Sono diversi i kit in commercio e, come detto, sono tutti accomunati dal metodo di riparazione del danno da grandine attraverso l’azione meccanica di estrazione verso l’esterno del bollo. Il kit più semplice, in realtà, è costituito da una ventosa che presenta una maniglia o un punto di presa all’altra estremità. Come funziona?
Si schiaccia la ventosa contro la bozza e con una forza manuale si tira indietro la ventosa, piegando la carrozzeria in modo dolce e facendola ritornare nella sua posizione di origine. Questo sistema funziona egregiamente con bolle o bozzi in zone morbide della carrozzeria come cofano, tettuccio, sportelli e alcune parti dei fianchetti. Risulta invece praticamente impossibile applicare la ventosa nei punti dove ci sono linee e pieghe della carrozzeria, in quanto la ventosa stessa non riuscirebbe a fare presa. Esistono dei kit a ventosa professionali, che hanno in dotazione diverse forme di ventosa, diverse forme di presa e alcuni utensili molto utili per aiutare il lavoro nei punti più difficili. I kit tirabolli migliori sono quelli a perni, i più professionali sono a perni mobili.

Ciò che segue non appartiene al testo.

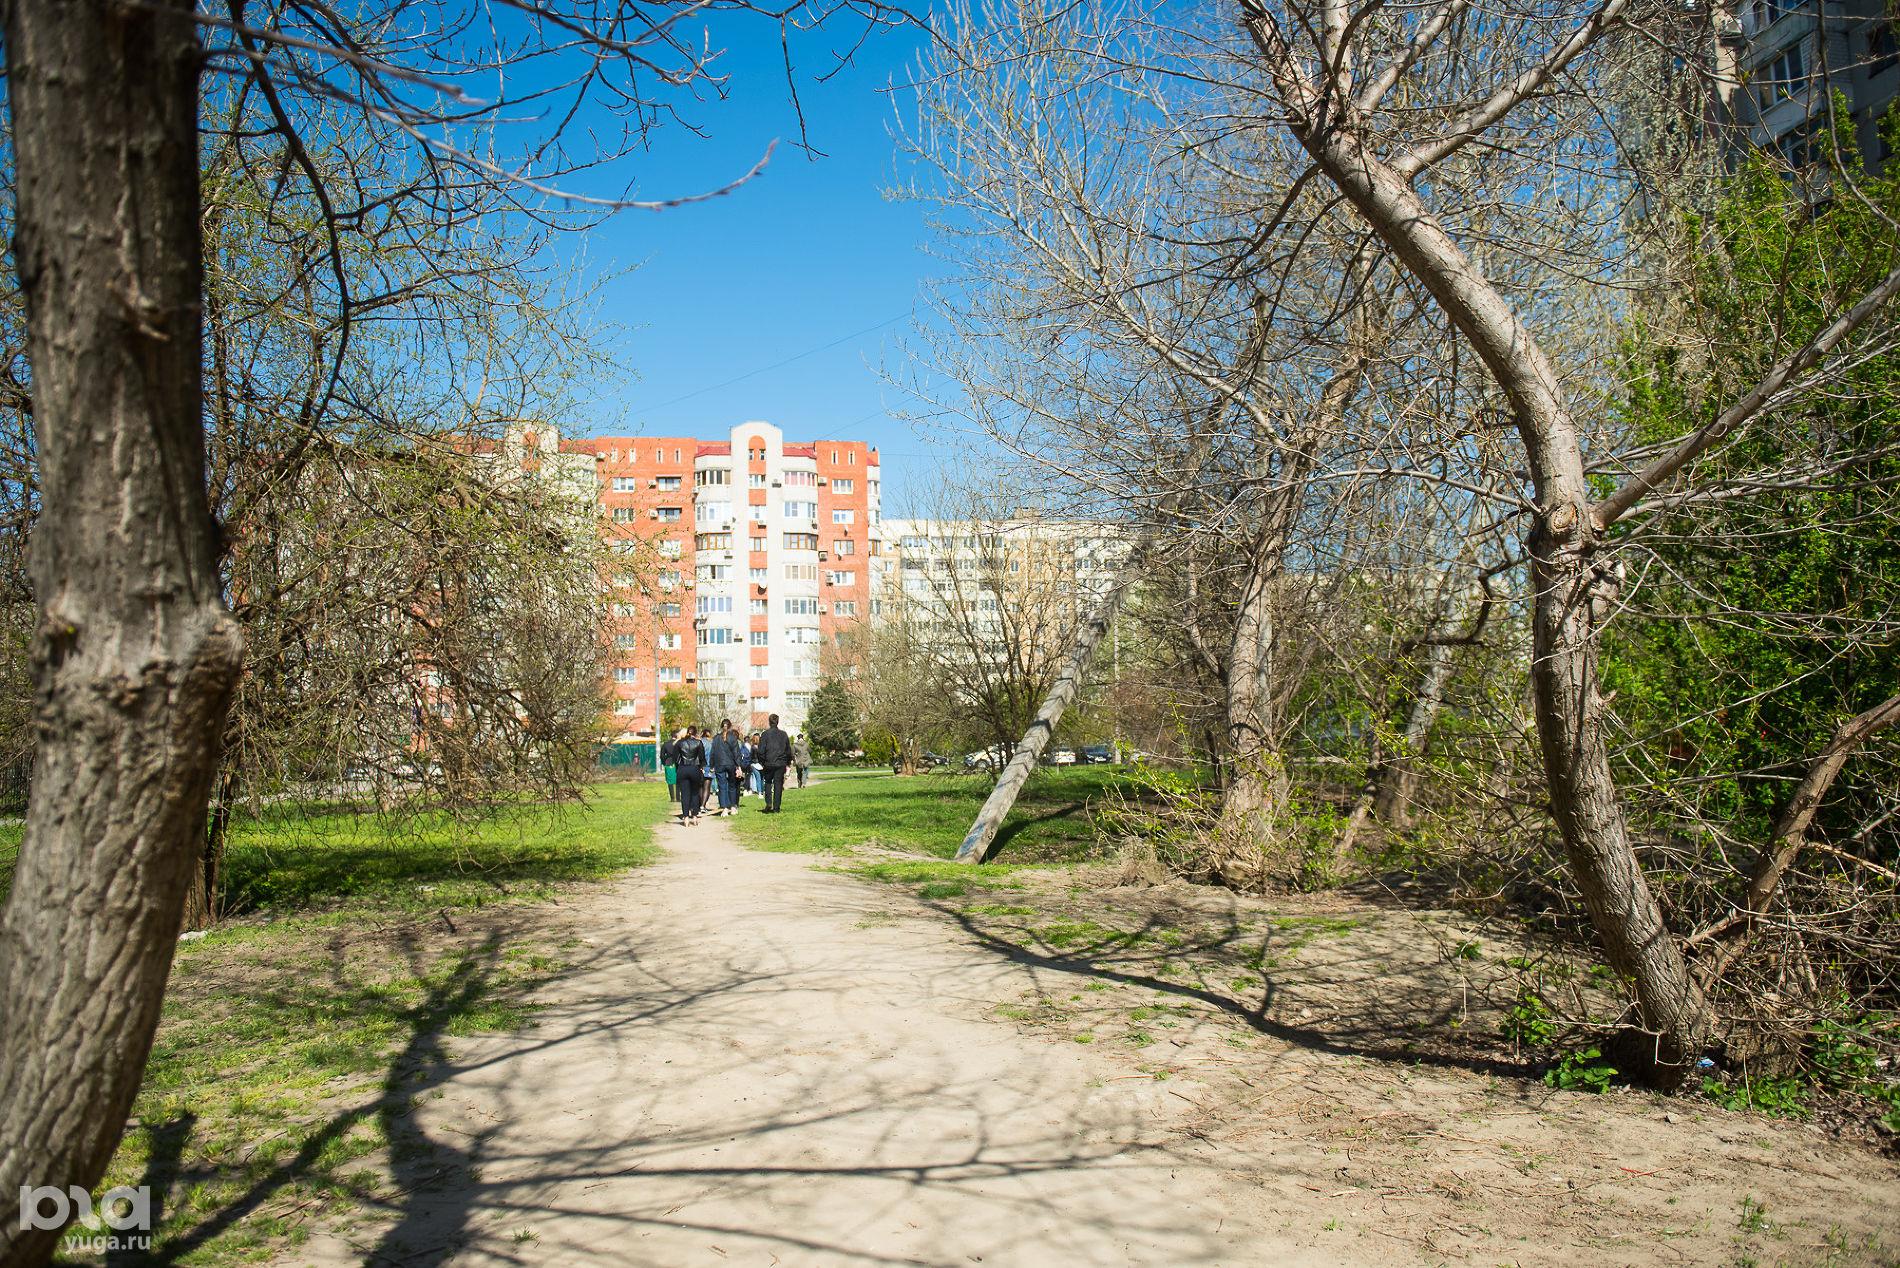 Сквер «Школьный», Юбилейный микрорайон ©Фото Елены Синеок, Юга.ру

Il kit è mediamente composto da una barra di metallo, due punti di presa e varie teste intercambiabili per il tiraggio. La barra di metallo garantisce la stabilità necessaria tra i punti di presa alle estremità di essa e il punto di trazione, centrale rispetto ai punti di presa e la barra stessa. È necessario però individuare il punto migliore per posizionare la barra. Successivamente, si applica la colla al punto di presa, generalmente colla a caldo e si aspetta che faccia presa sulla bolla o sul danno. Una volta che la colla ha esercitato il suo potere adesivo è possibile estrarre la bolla verso l’esterno, ripristinando così l’originale forma della carrozzeria.
Come proteggere l’auto dalla grandine?
Purtroppo il danno da grandine ha una causa indipendente da tutto ovvero il meteo, dunque il miglior consiglio è quello di controllarlo frequentemente attraverso le app per smartphone che oggi sono abbastanza affidabili. Attraverso le notifiche push, possono essere un valido aiuto per conoscere in anticipo la possibilità di grandinate improvvise. È importante in caso di maltempo, avere l’accortezza di sfruttare tettoie, possibili ripari e garage. Infatti se l’auto sosta a cielo aperto sarà sicuramente più esposta a possibili danni da grandine. Per i più tecnologici, esiste poi un telo che funziona in maniera del tutto simile ad un airbag, che installato sull’auto con un sistema elettrico, fa scattare un meccanismo di copertura attraverso un’applicazione dedicata nel momento della grandine, avvolgendo completamente la macchina e tenendola al riparo anche dalle grandinati più violente.